#### TASK INSTRUCTIONS
Repeat the listing below in full and exactly, but without its pictures.

#### RECORDED INFORMATION
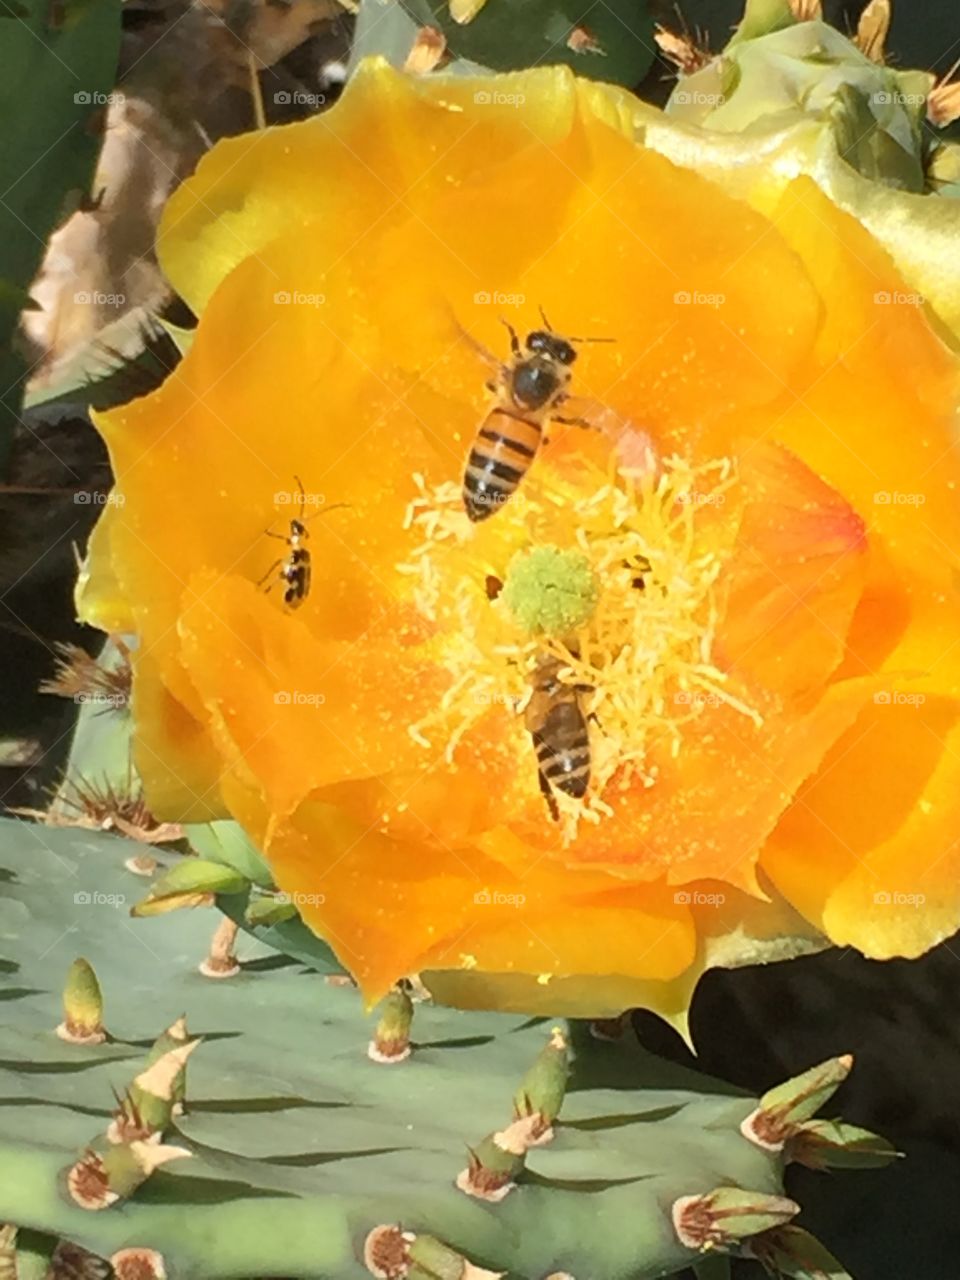 Bees buzz around a bright yellow prickly pear cactus flower. 
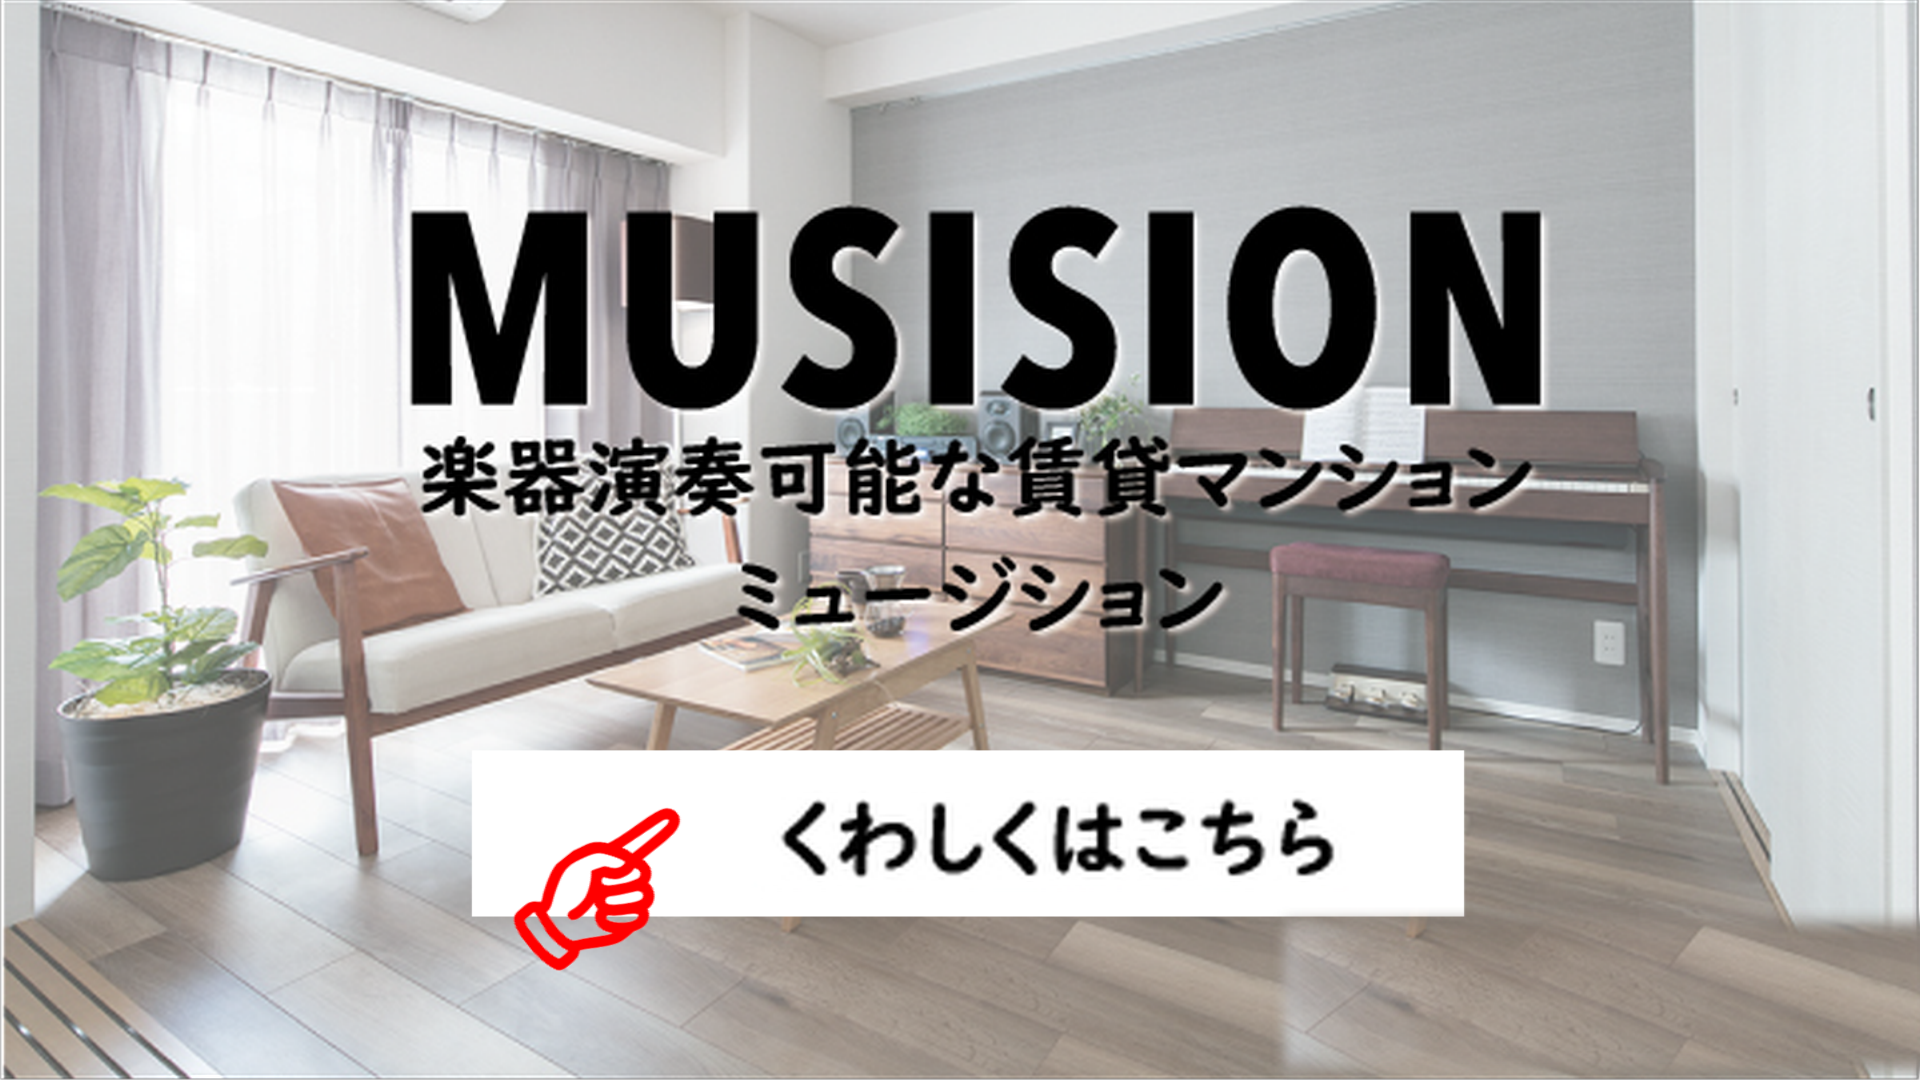 MUSISION
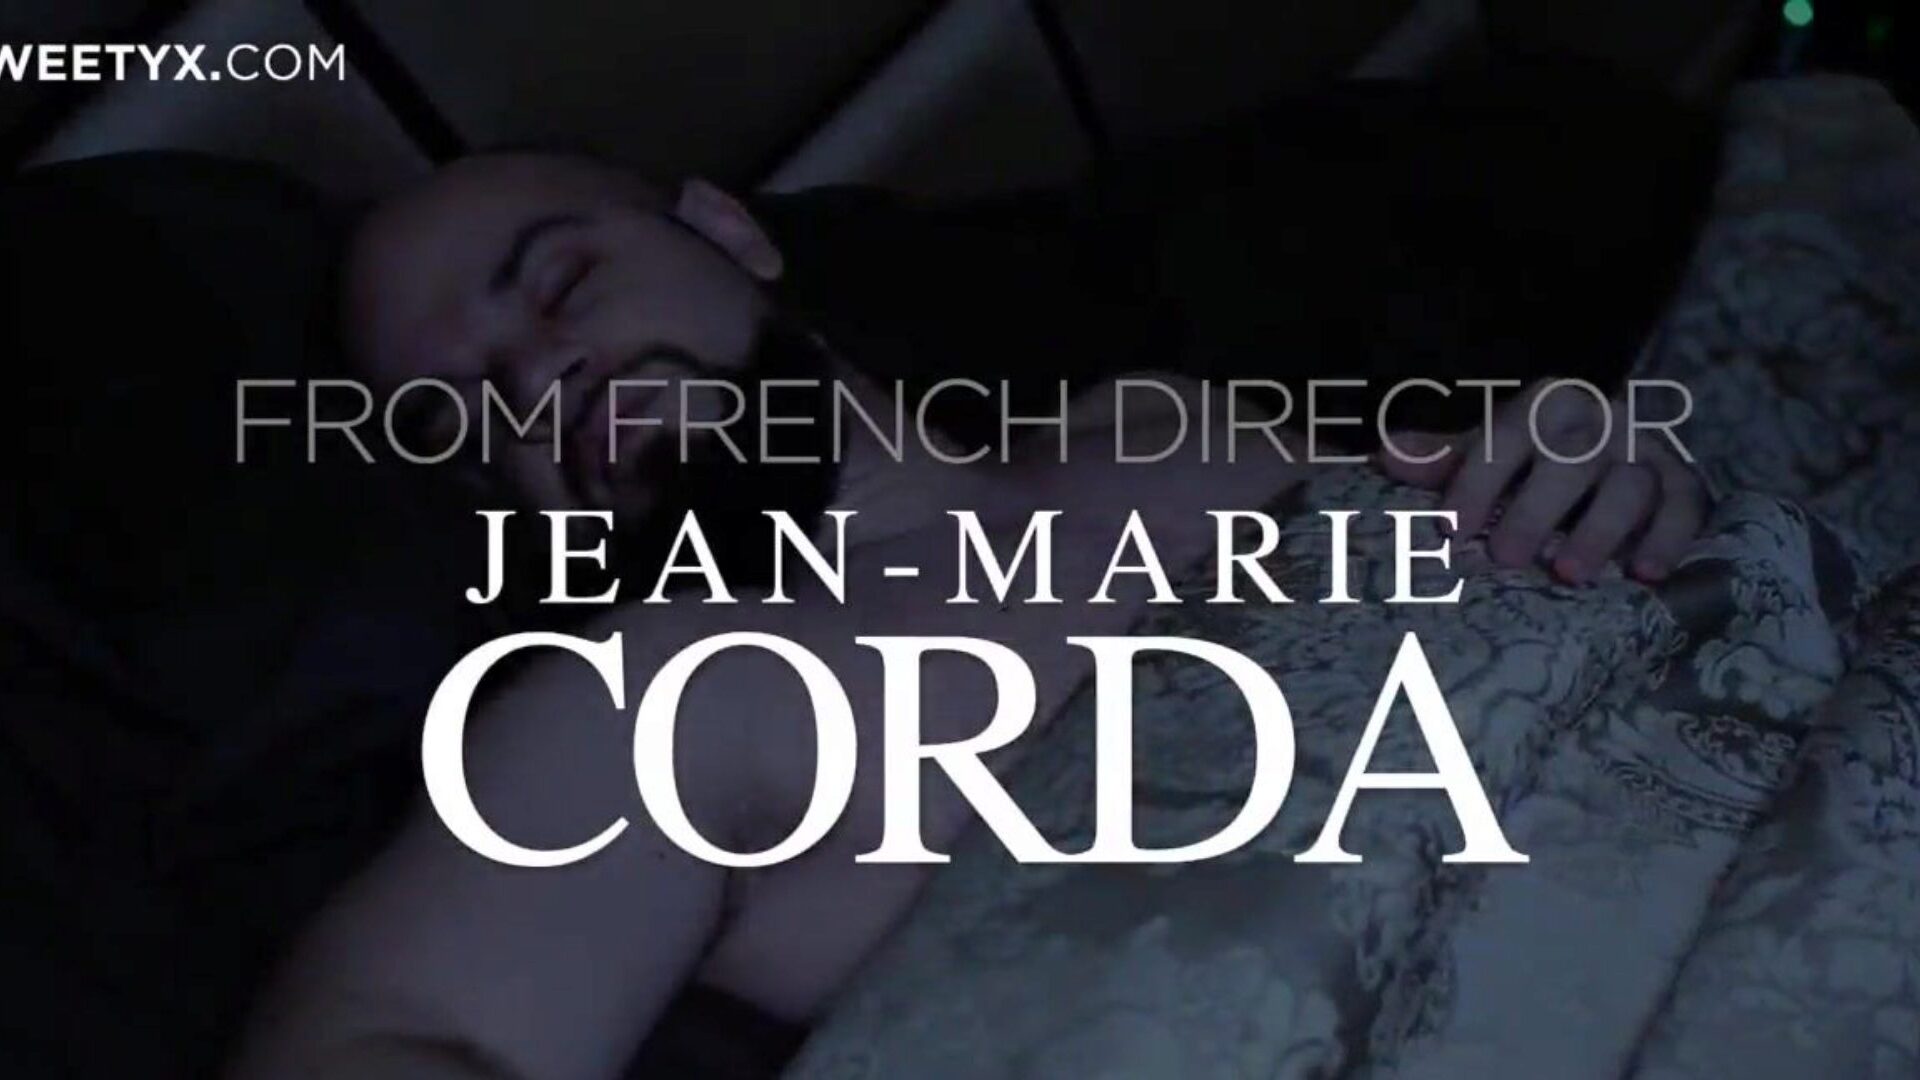 Awesome assfucking fuck-fest with Jean-Marie Corda

#### RESULT
 Bees buzz around a bright yellow prickly pear cactus flower. 
 MUSISION
 Awesome assfucking fuck-fest with Jean-Marie Corda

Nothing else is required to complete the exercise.